Extracted entries
━━━━━━━━
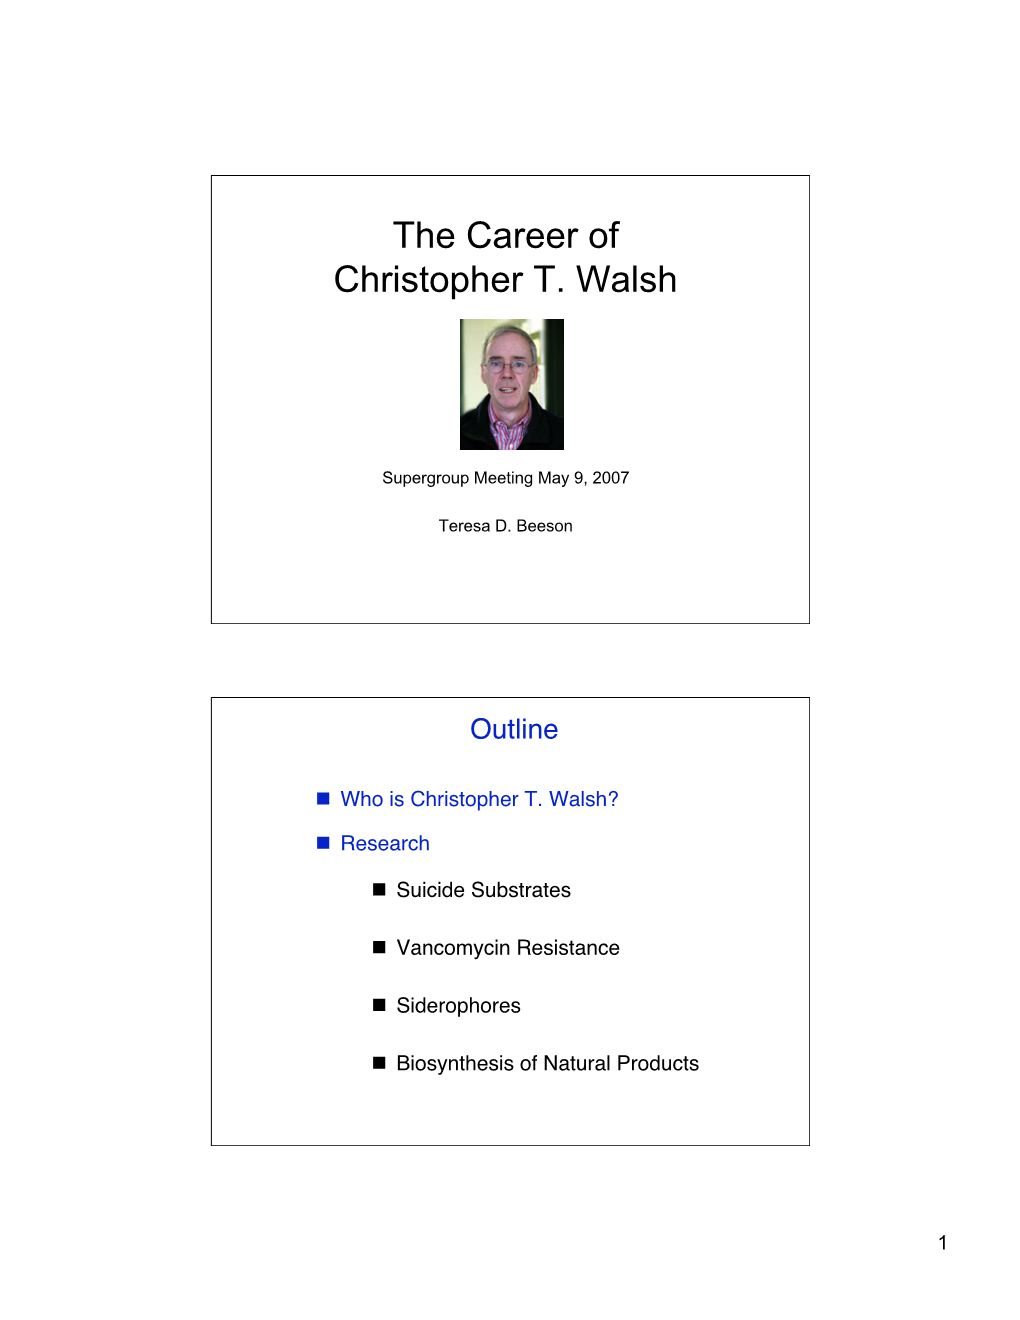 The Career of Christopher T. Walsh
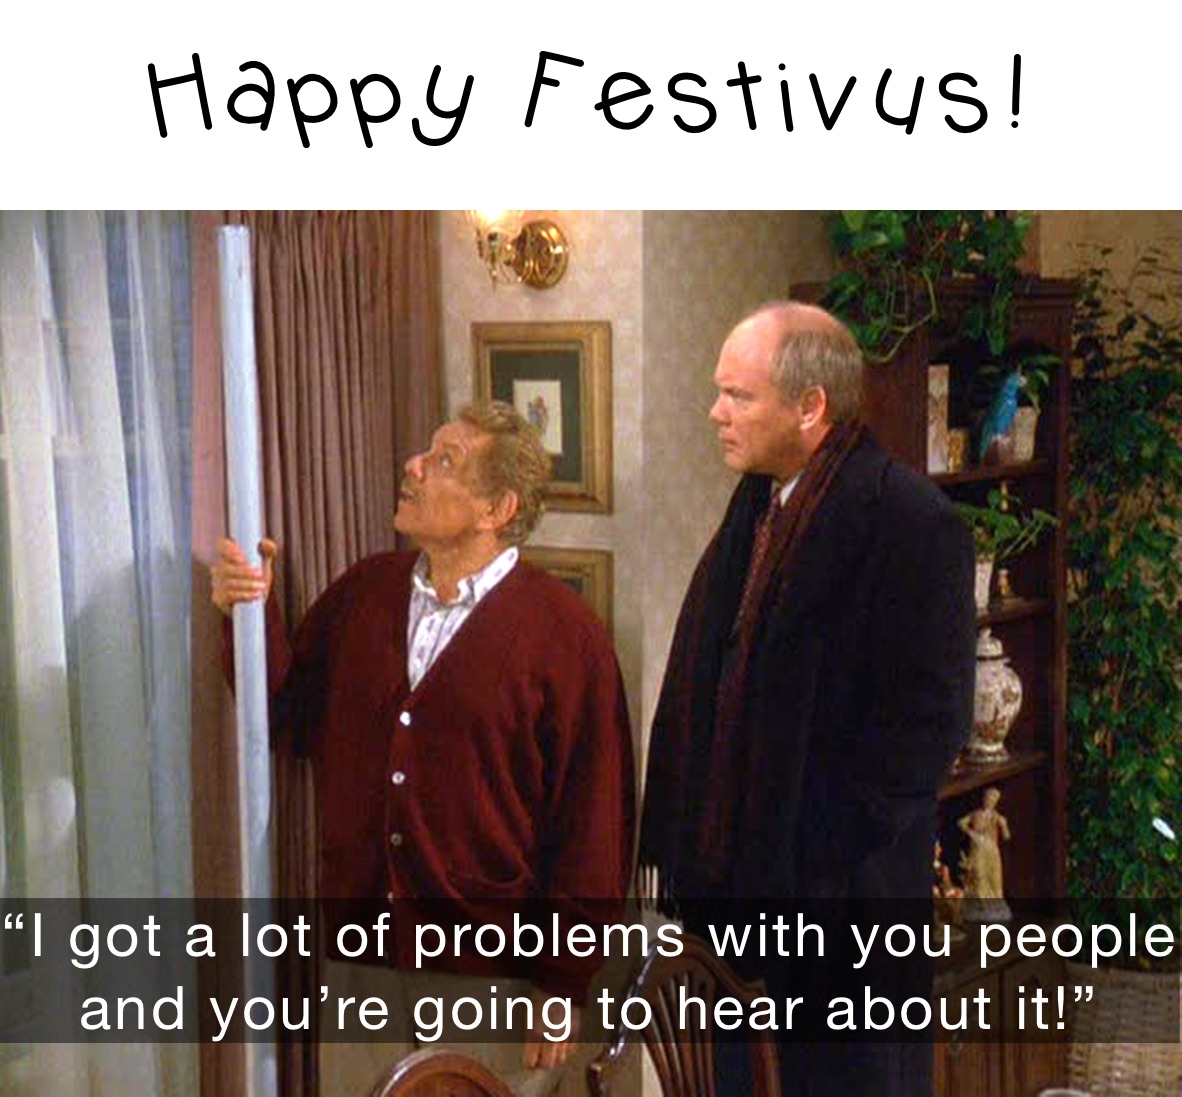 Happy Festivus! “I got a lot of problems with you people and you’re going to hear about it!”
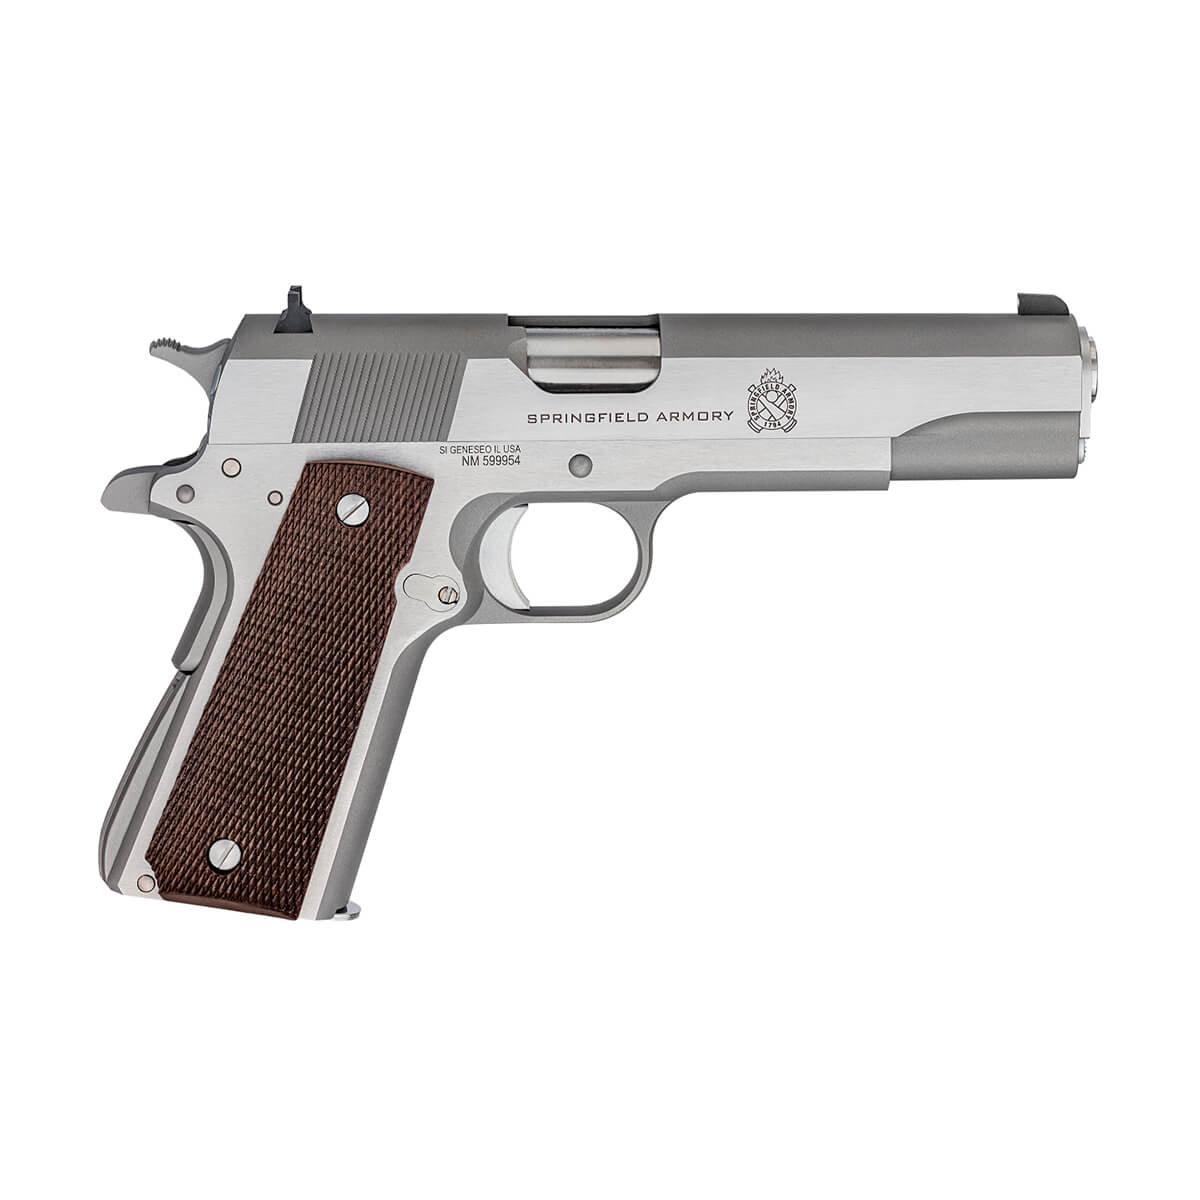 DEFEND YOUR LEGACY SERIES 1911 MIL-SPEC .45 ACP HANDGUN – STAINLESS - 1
━━━━━━━━
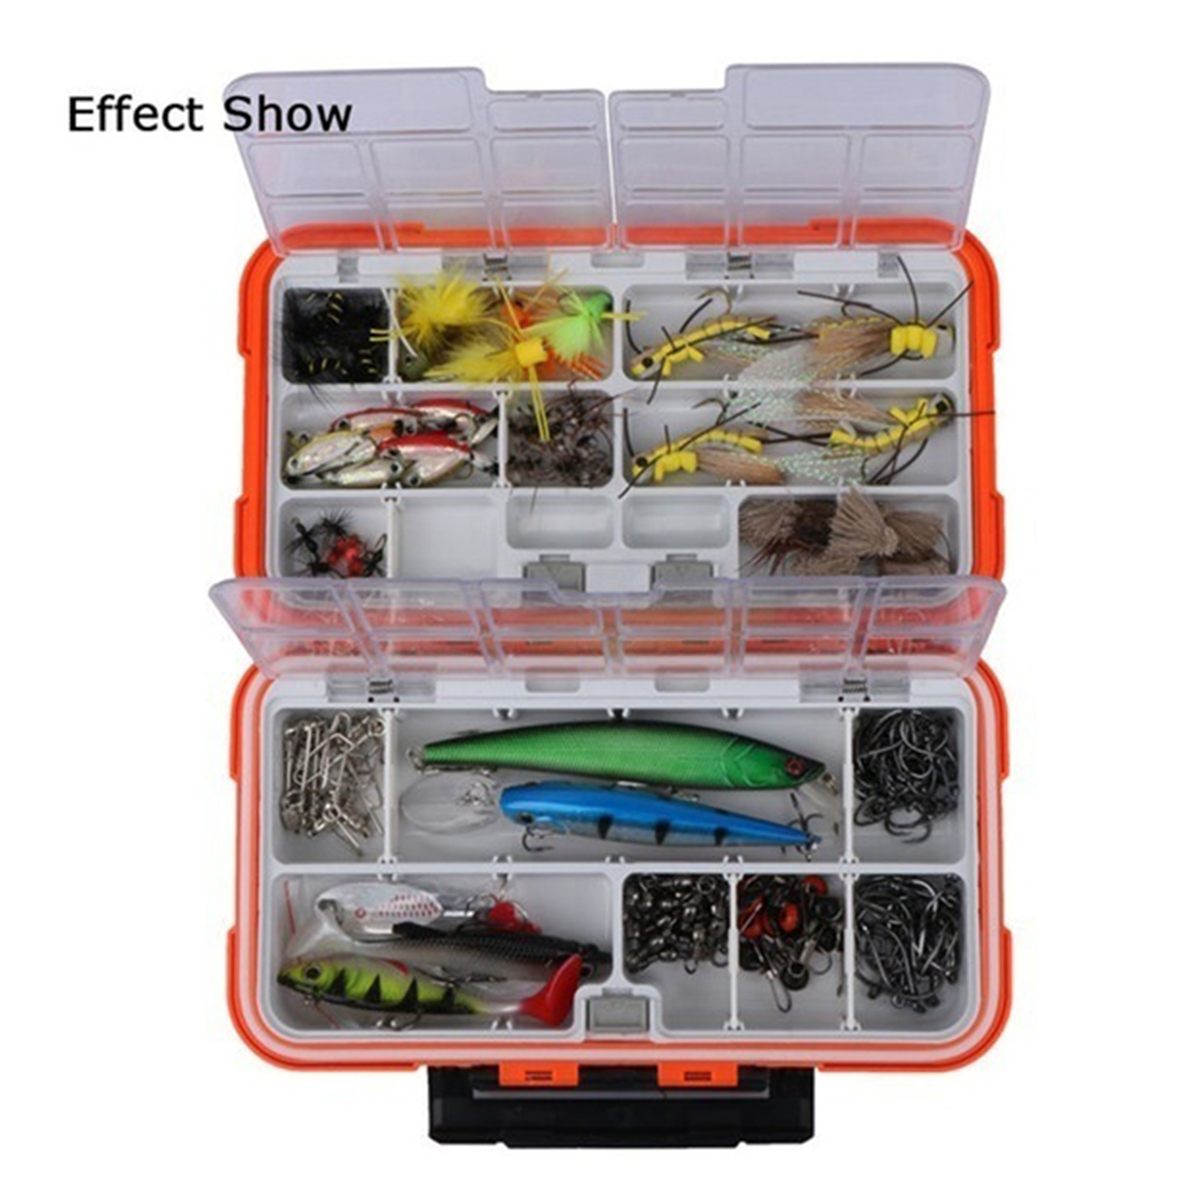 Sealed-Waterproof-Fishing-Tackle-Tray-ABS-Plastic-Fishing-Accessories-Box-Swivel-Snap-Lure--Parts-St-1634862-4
━━━━━━━━
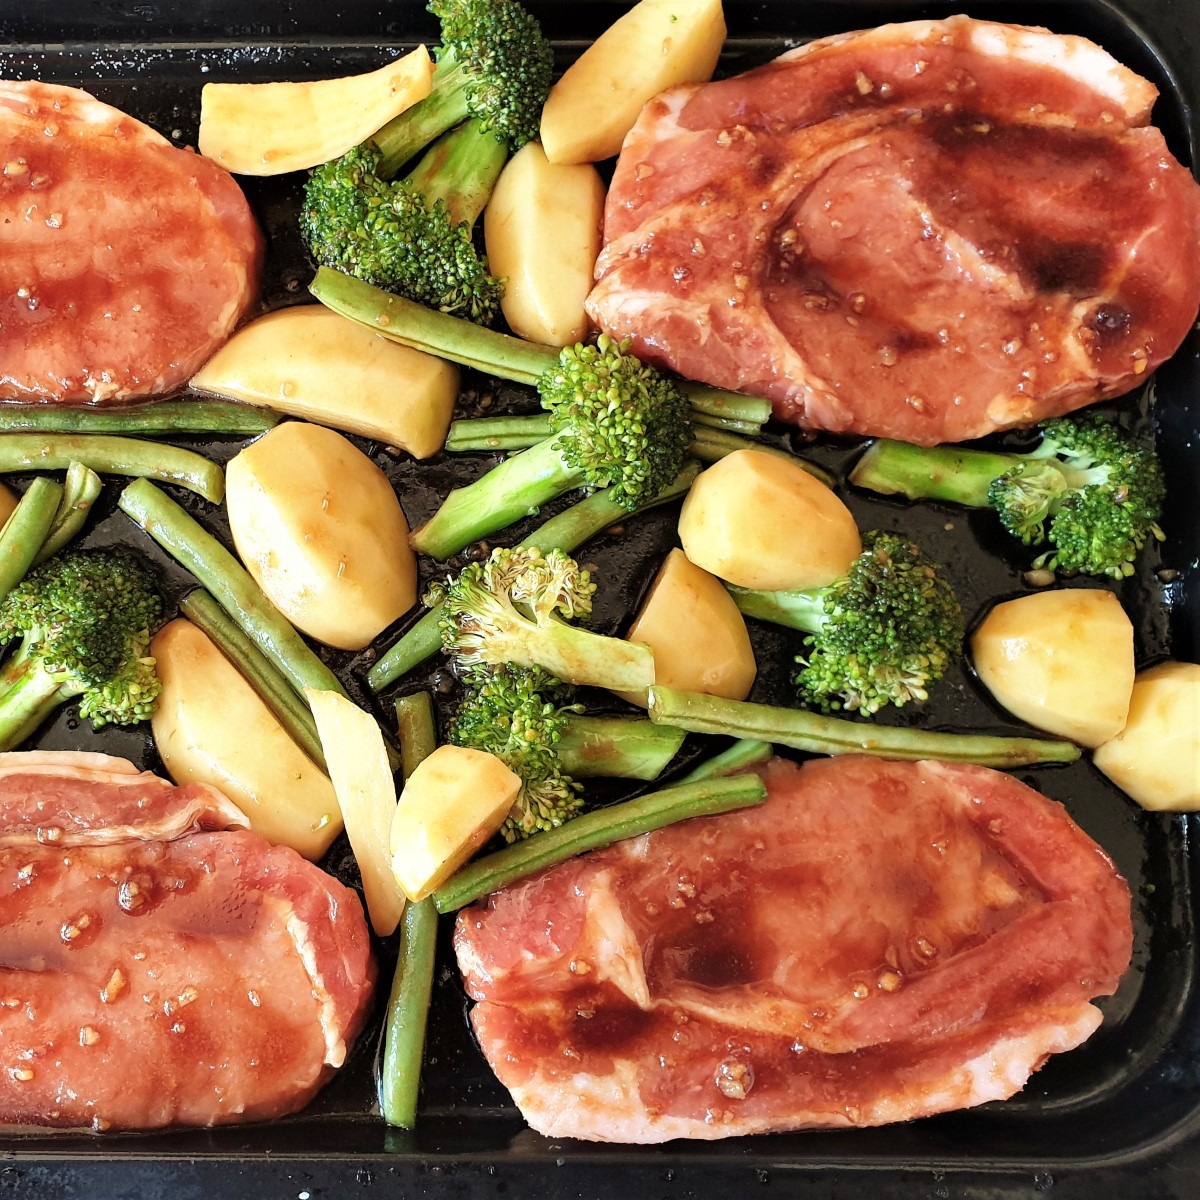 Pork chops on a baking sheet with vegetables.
━━━━━━━━
Required work
A clean copy is needed of the lines in the listing above from the one with "lot of problems" through the one with "DEFEND YOUR LEGACY", exact in every word and free of pictures.

Result of this exercise
 Happy Festivus! “I got a lot of problems with you people and you’re going to hear about it!”
 DEFEND YOUR LEGACY SERIES 1911 MIL-SPEC .45 ACP HANDGUN – STAINLESS - 1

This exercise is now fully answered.